Post # 1
I am a 40 year old bride to be who has selected my bridesmaids but most of them are not participating like they should. How do I take some of the ladies out of my bridal party without jeopardizing our friendship?
Post # 3
You will probably get a lot of flack for the fact that bridesmaids/MOH’s are really only suppose to show up the day of to support you in their attire. Anything assigned needs to be discussed/agreed upon by both parties; However, if you want to cut down your bridal party there are a few ways you can do it:
1. Let them know you need to cut down the party due to spacing at your venue (if you don’t have a lot of room at the front for them all to stand
2. How many does your FI plan on having on their side? You can let them know your FI and you need to make cuts so you have the same numbers on each side and that unfortunately you need to make some cuts but you still want them coming as a guest
3. Be open/honest about your expectations of what you wish your wedding party to do and be honest about your consequences. If they don’t know your expectations or what you want help with than you may need to clarify with those not participating.
Post # 4
@mrsmiketobe: I can hardly wait, what “should” they be doing? How many did you selec, and why did you select that number?
Post # 5
I would talk to them about your expectations are from your wedding party before cutting them. Cutting them is going to hurt feelings, period, no matter how you paint it.

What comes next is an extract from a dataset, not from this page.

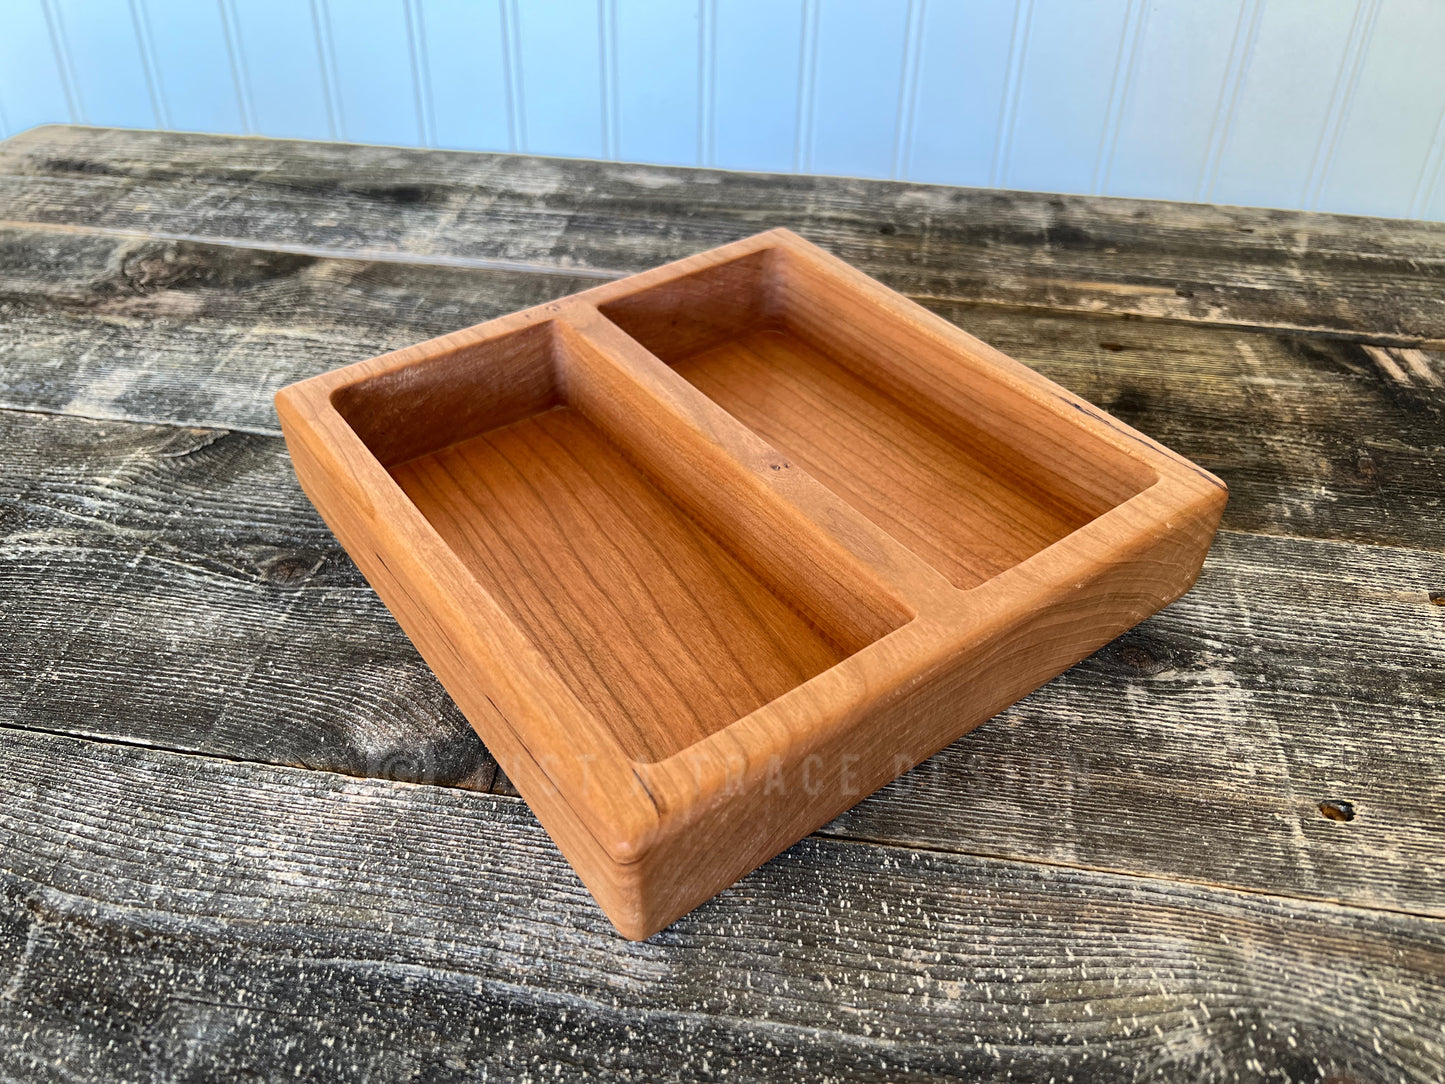 2 Compartment Square Wooden Snack Tray, Nut Tray, Chip Tray, Snack Bowl, Appetizer Tray, Wood Platter, Serving Tray, Serving Dish, Candy Dish

I’m a little confused as to why you would cut them though. To avoid giving them a gift you don’t feel they’ve earned, or are you just hoping to bring on new more helpful maids in their place?
Post # 6
Can you explain exactly what your “participation expectations” of them are?
Post # 7
Post # 8
@mrsmiketobe: I have 6 bridesmaids, and all I expect from them is: help pick their dresses, wear shoes in the same colour as each other, and stand beside me on my wedding day. I didn’t choose them so that I’d have a team to help plan my wedding… I just want them there because they’re important to me, not because I need my own personal wedding concierge.
Post # 9
Your expectations of their participation may be too high. It would be nice if they helped out, but did you choose them as friends or as your labor force?
They probably have things going on in their lives and can’t do more than they have been. If your date is correct, you’re cutting it pretty close to it to start desimating your bridal party now.
Post # 10
What are you expecting them to do that they aren’t doing?
Quite honestly, all I expect of my girls is to set a day for them to pick a dress, show up early on the day of for hair & makeup [which I’m paying for, along with their dress], and smile and look pretty.